The episode was directed by Gary Halvorson and written by Shana Goldberg-Meehan. It was nominated for multiple Primetime Emmy Awards, but was criticized as "insulting" by a national intersex education group.

==Plot==
Monica invites an old school friend of hers and Ross' for Thanksgiving, Will Colbert (Brad Pitt). However, Will reacts very badly when learning that Rachel, who he hated in high school because of her bullying him, will be joining them for dinner. Rachel is immediately attracted to Will, unable to recognize him, but Will is openly hostile and this culminates in his proud announcement that he and Ross founded a club in high school that initiated a rumor that she was a hermaphrodite, which was spread throughout their entire high school. Rachel feels betrayed by Ross until Monica reminds her that she started a rumor of her own that Ross made out with the school's 50-year-old librarian, though a horrified Ross confirms it as true. Rachel demands that Ross recant the rumor by calling everyone from school, but Monica puts them both in their place by reminding them that Rachel's rumor put Ross on the social radar, that Ross and Will's rumor had no effect whatsoever on Rachel's queen bee status and that they have too much important history to fixate on the past. They agree to be civil and reveal to Will that they are now having a baby together. Will is completely dumbfounded by this revelation but takes pleasure in the fact that Ross got Rachel pregnant but is not going to marry her. He tries to give Ross a high-five to celebrate, but when Ross refuses, Phoebe, who has been crushing on Will the entire evening, takes the opportunity to hug him.
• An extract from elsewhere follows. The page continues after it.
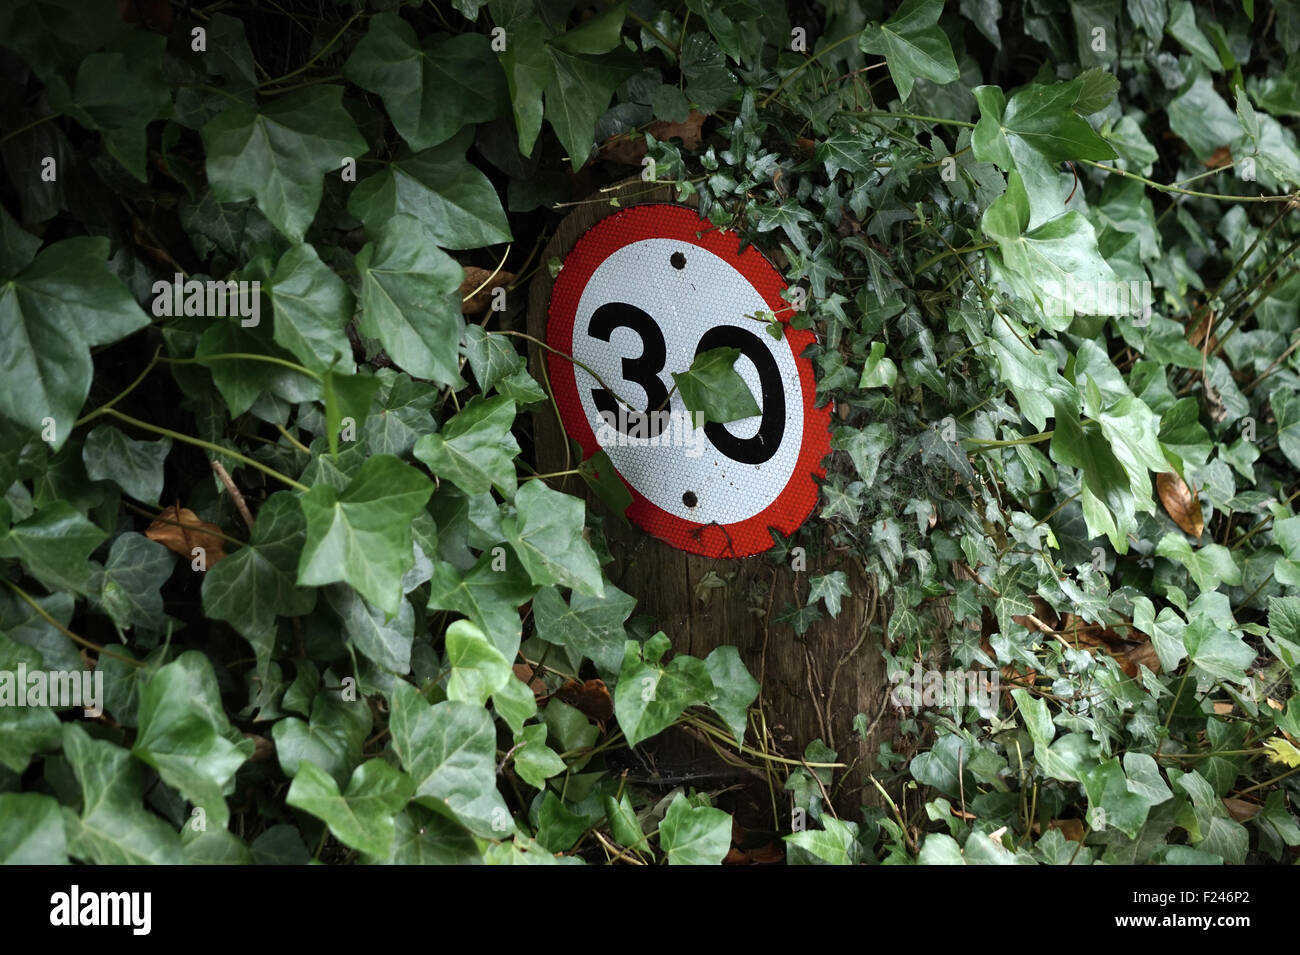 A speed sign for 30 mph obscured by ivy leaves, England UK Stock Photo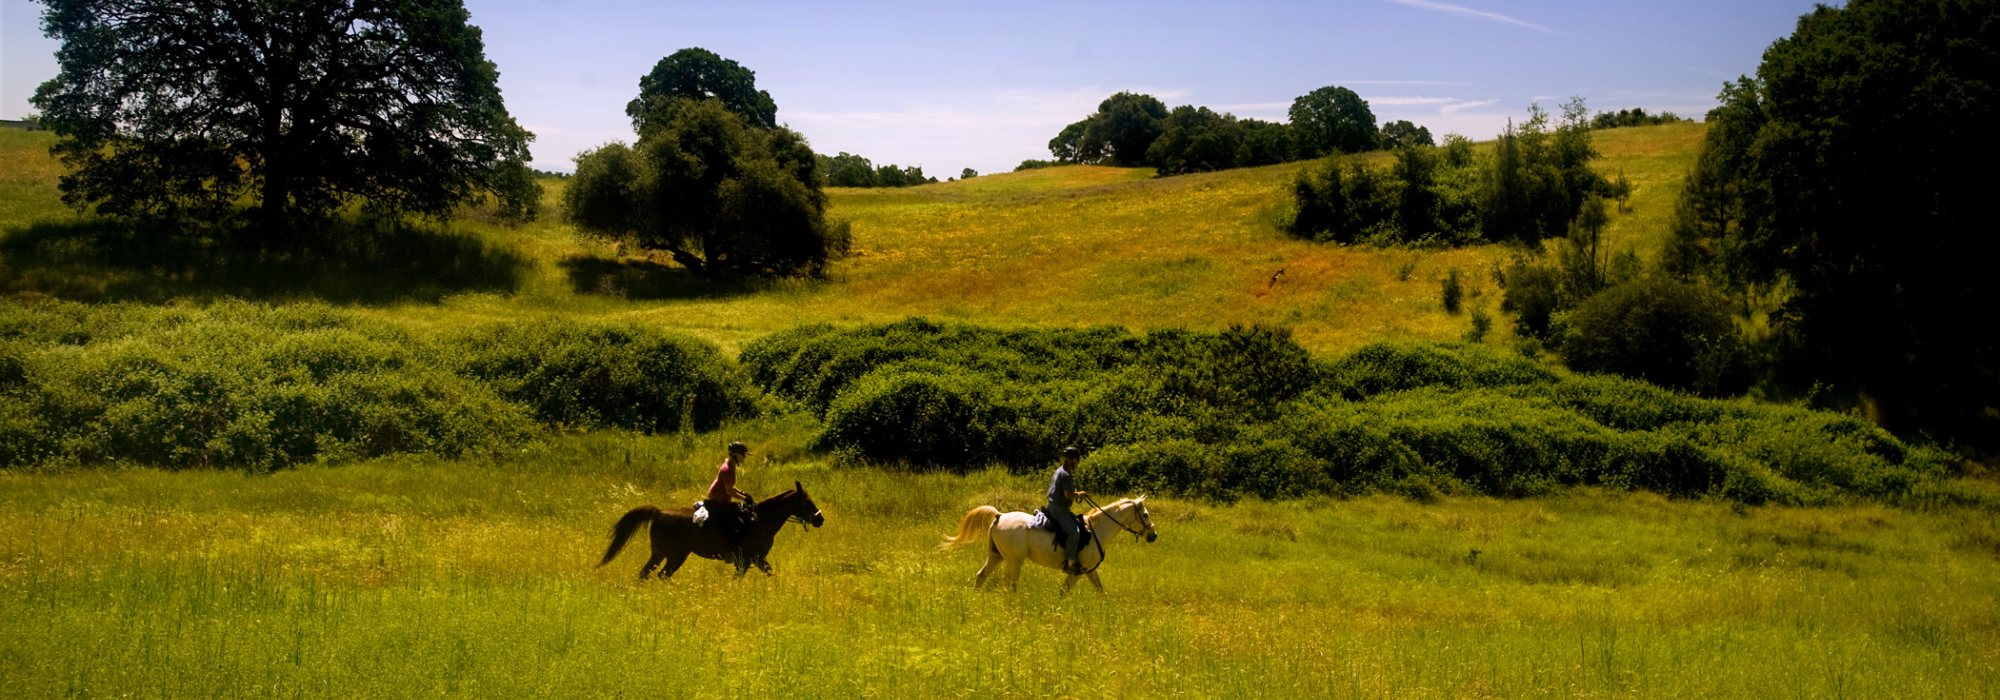 Horses galloping the fields

Because Phoebe is a vegetarian, Chandler hates Thanksgiving cuisine, Rachel has an aversion to poultry and Will is on a diet, they will not be eating turkey. Thus Monica tells a crestfallen Joey that she will not be cooking a turkey because it is not worth it for just 3 people. Joey admonishes Monica and demands the tradition, and so Monica obliges with a monstrous bird. Throughout the episode, Joey battles the enormous turkey, eventually changing into Phoebe's maternity clothing (which she was giving to Rachel earlier in the episode) to ease the strain on his stomach. The episode culminates in Joey finishing off the turkey and getting the meat sweats. Despite being extremely full, Joey still has room for pie.

==Production==
It was reported by Entertainment Weekly that Pitt would don a fat suit for flashback scenes to his fat childhood, though this was unfounded as Will's weight was merely referred to on screen. Pitt frequently visited Aniston at the studios before and after his appearance, though he did not go onto the set for fear of distracting the audience. When questioned about his appearance in the show, Pitt said it was to promote his upcoming film Spy Game, though added that he liked the series anyway. The episode was taped on November 2, following four days of rehearsals.

==Reception==
As the series finale drew close in 2004, Eric Deggans of St. Petersburg Times ranked Pitt as one of the worst guest stars in Friends: "Stilted reactions, overly exaggerated comedy, near-palpable self-consciousness – despite his cred as a film actor, Pitt knew he was out of his depth on a sitcom stage. After five minutes' viewing, the audience did, too." His work on set is admired by the main stars; Schwimmer recalls Pitt was "definitely ... going against type" and Matt LeBlanc called him "really great on the show". USA Today rates Will's line "Look at her standing there with those yams. My two greatest enemies, Ross. Rachel Green and complex carbohydrates" one of the best of the episode.

The eponymous rumor drew criticism from the intersex community, a member of which wrote a strongly worded letter of complaint to NBC, calling the episode "ignorant, insulting, degrading, and absolutely unprofessional". The member urged the network to learn about intersex individuals via the Society's website and read an on-air apology before future episodes. In a retrospective article about the episode, openly intersex writer Matt Mitchell further criticized the story for its anti-intersex overtones, stating that "I can't think about Friends without thinking about the intersex joke that was written and greenlit by people who held my community up to the light and tormented us for somehow being, by their own standards, less human than everyone else."

===Primetime Emmy Award nominations===
Pitt was nominated for a Primetime Emmy Award for Outstanding Guest Actor in a Comedy Series for his appearance in the episode. Additionally, Nick McLean was nominated for Outstanding Cinematography for a Multi-Camera Series, while Stephen Prime was nominated for Outstanding Multi-Camera Picture Editing for a Series, for their work on the episode.